La tendance sur le marché des capitaux était néanmoins positive. Le nombre de titres à la hausse surpassait celui des autres dans une proportion qui atteignait parfois 5 par rapport à 1. Les profits dépassaient facilement les 5%. Il n’empêche que le volume s’est tassé. On a nettement moins échangé que les semaines antérieures. La plupart des investisseurs préfèrent assurément attendre de meilleures circonstances. Notons toutefois la bonne performance des titres pourris libellés en euro (EUR), alors qu’ils fléchissaient dans les autres devises. Les émetteurs russes ont cédé pas mal de terrain, tout comme le rouble (RUB) qui a chuté de 7,9%. Les analystes craignent que les émetteurs russes rencontrent quelques difficultés lors du remboursement de leurs emprunts échus. Selon eux, ils ne seront plus capables de les renouveler. Ils oublient que ces émetteurs trouveront toujours de nouveaux créanciers en Chine et ailleurs. Il n’en demeure pas moins qu’ils devront récolter les dollars nécessaires aux remboursements.

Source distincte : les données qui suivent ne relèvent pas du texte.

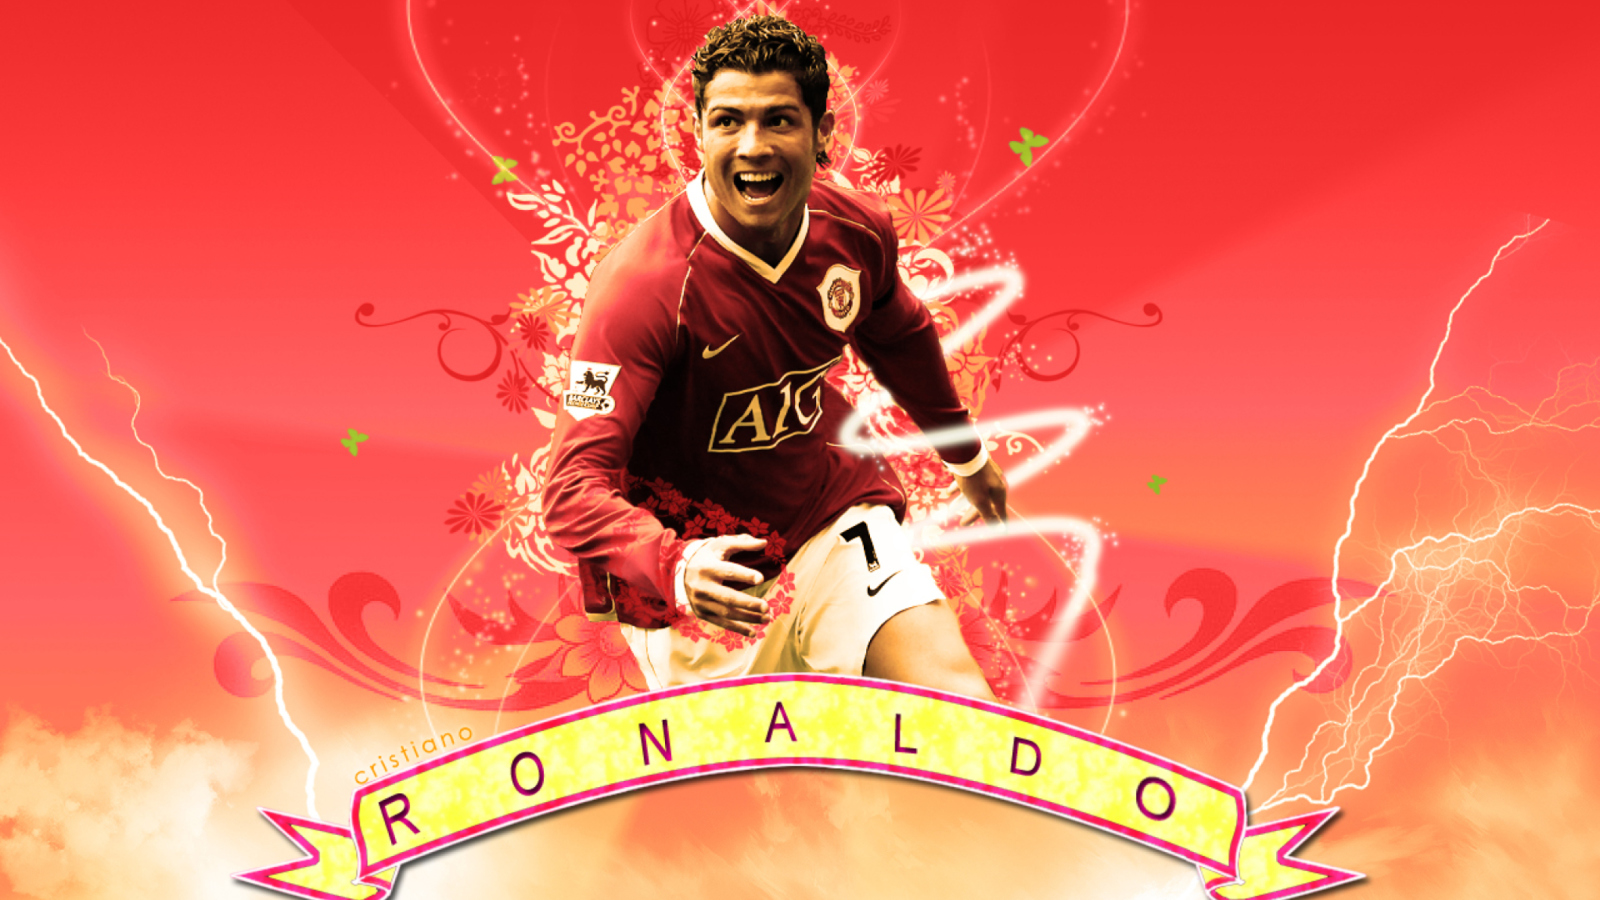 Cristiano Ronaldo wallpaper 1600x900

La panique était aussi perceptible sur le marché primaire où l’activité s’est fortement tassée. Certes, les banques continuent d’inonder ce marché de leurs émissions. Et vu que les taux d’intérêt sont dans l’impossibilité de remonter d’ici peu, leurs titres ont trouvé facilement preneurs. Les émissions industrielles ont rencontré plus de difficultés. Mais ne vous laissez pas leurrer par leurs performances sur le marché gris. Ainsi, la pétrolière espagnole Repsol (BBB-) y affiche une surcote malgré les sombres perspectives de ce secteur. Cette prouesse est uniquement attribuable au soutien assidu des banques chargées du placement.
National Australia Bank
Peu de nouveautés intéressantes pour les petits porteurs sont apparues la semaine passée. Et quand il y en avait une, ses conditions n’étaient généralement pas très attrayantes. On ne peut se satisfaire, par exemple, d’un rendement de 4,13% pour la nouvelle émission de la Rabobank (A+) en NZD. Il accuse en effet un manque de l’ordre de 1% par rapport à la moyenne du marché significative pour cette qualité-là. Aussi nous vous renvoyons à l’alternative issue du même secteur, National Australia Bank (AA, alt.1) qui lui est qualitativement supérieure et rapporte plus. Sans tenir compte de l’amélioration qualitative, frais et différence de prix peuvent atteindre 0,78% avant que le surrendement disparaisse.